MUppal commented 3 years ago

Hi,

I'm facing an issue with SignatureAnalyzer where nearly 10% of the variants in the input maf are not present in the final signature_weighted_maf.tsv file. For example, my maf (input.maf) contains 3,270,095 variants. I run the following command on my maf: _signatureanalyzer -n 10 --cosmic cosmic3 --hg_build hg19.2bit --objective poisson --max_iter 30000 --prior_on_H L1 --prior_onW L1 input.maf The output, signature_weighted_maf.tsv, only contains 3,023,380 of the original variants. This corresponds to about an 8% loss of variants, and is reproduced on other mafs that I have run with the tool.

There doesn't appear to me to be a specific pattern to which variants are lost. The missing variants appear relatively uniformly distributed across samples, chromosomes, and reference/variant alleles.

Is this expected behavior?
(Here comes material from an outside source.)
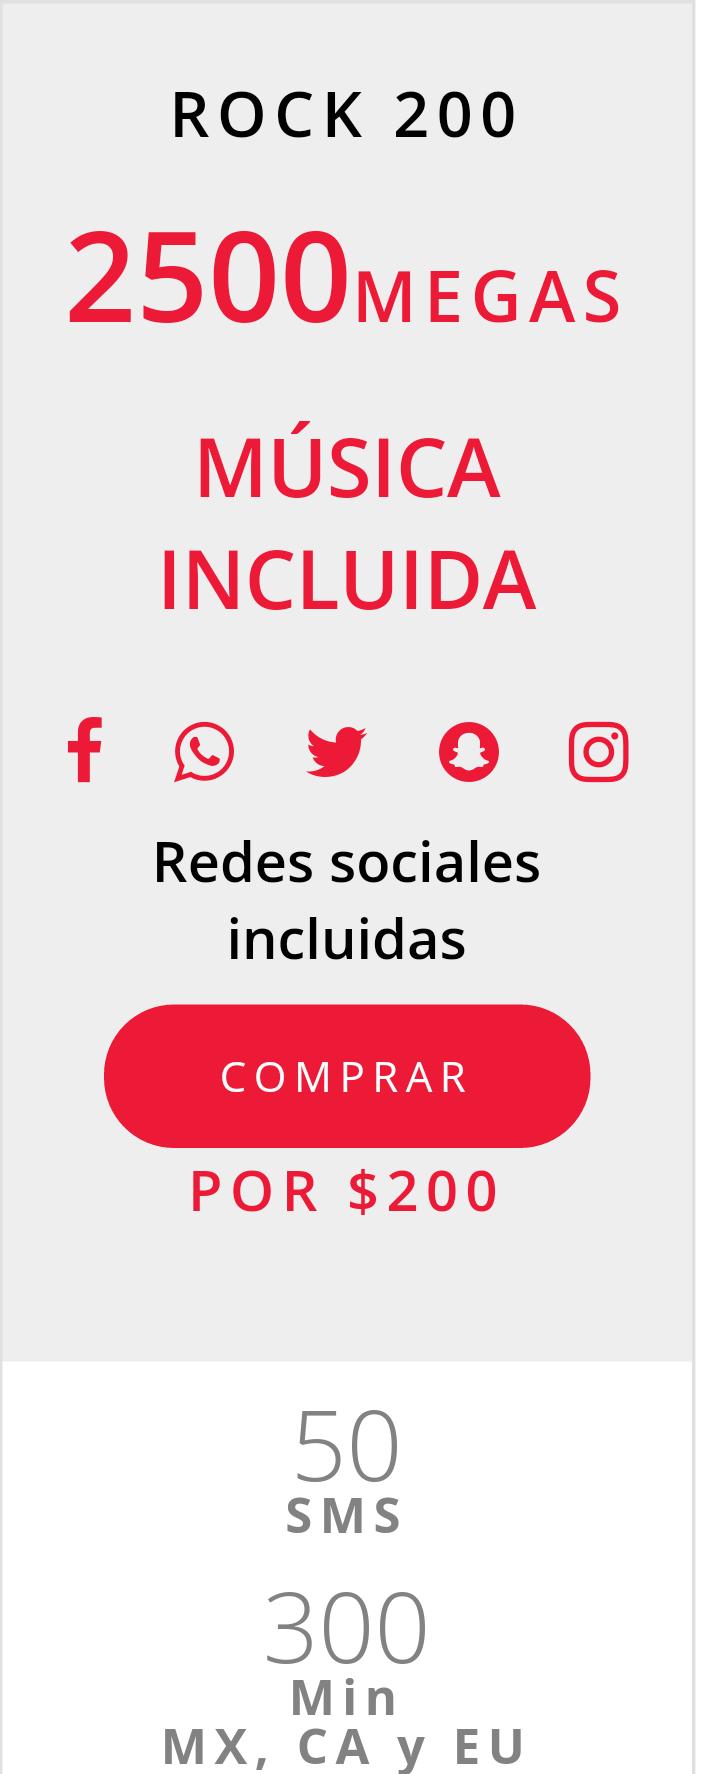 Virgin Mobile: $200 pesos por 2.5 GB + streaming de música ilimitado + Facebook, WhatsApp, Twitter, Snapchat, e Instagram ilimitados
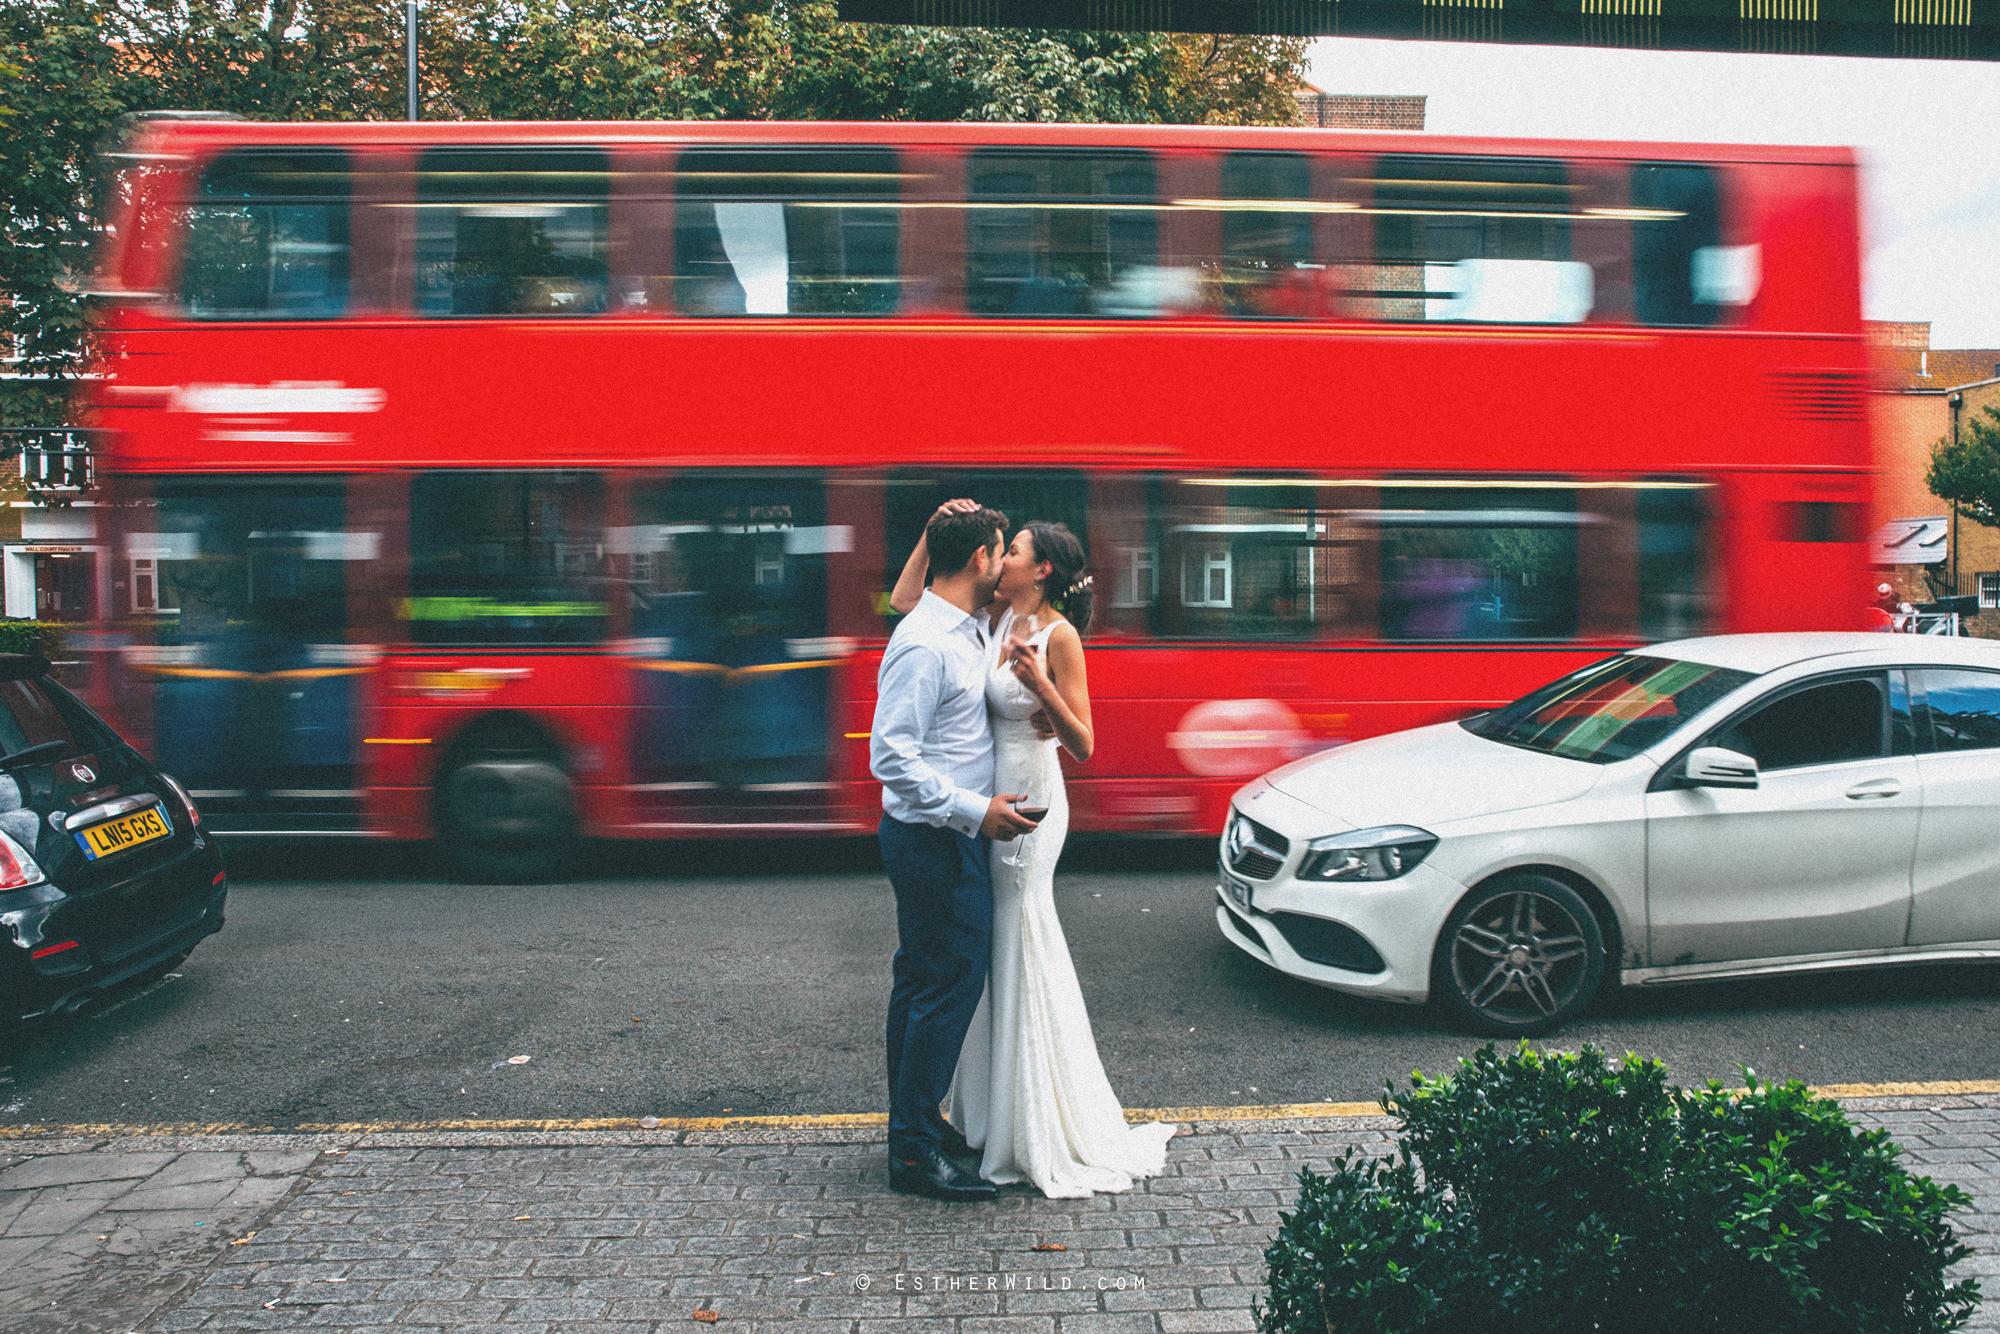 Islington_Town_Hall_Wedding_London_Photographer_Esther_Wild_IMG_6452-1.jpg

Is there a way to force SignatureAnalyzer to provide signature probability estimates for every variant in the input maf?

I look forward to hearing back from you.

shankara-a commented 3 years ago

Hi,

When you read the nmf_output.h5 file, what is your input spectra to the algorithm? You can read this with X = pd.read_hdf("nmf_output.h5","X"). Does this have all the variants you expect?

Do you have a couple examples of variants that are included and those that are not?

jcha40 commented 3 years ago

The reason that some SNPs might drop out is that the context cannot be determined from a maf for adjacent SNPs within a single sample (are they DNPs or are they in trans?).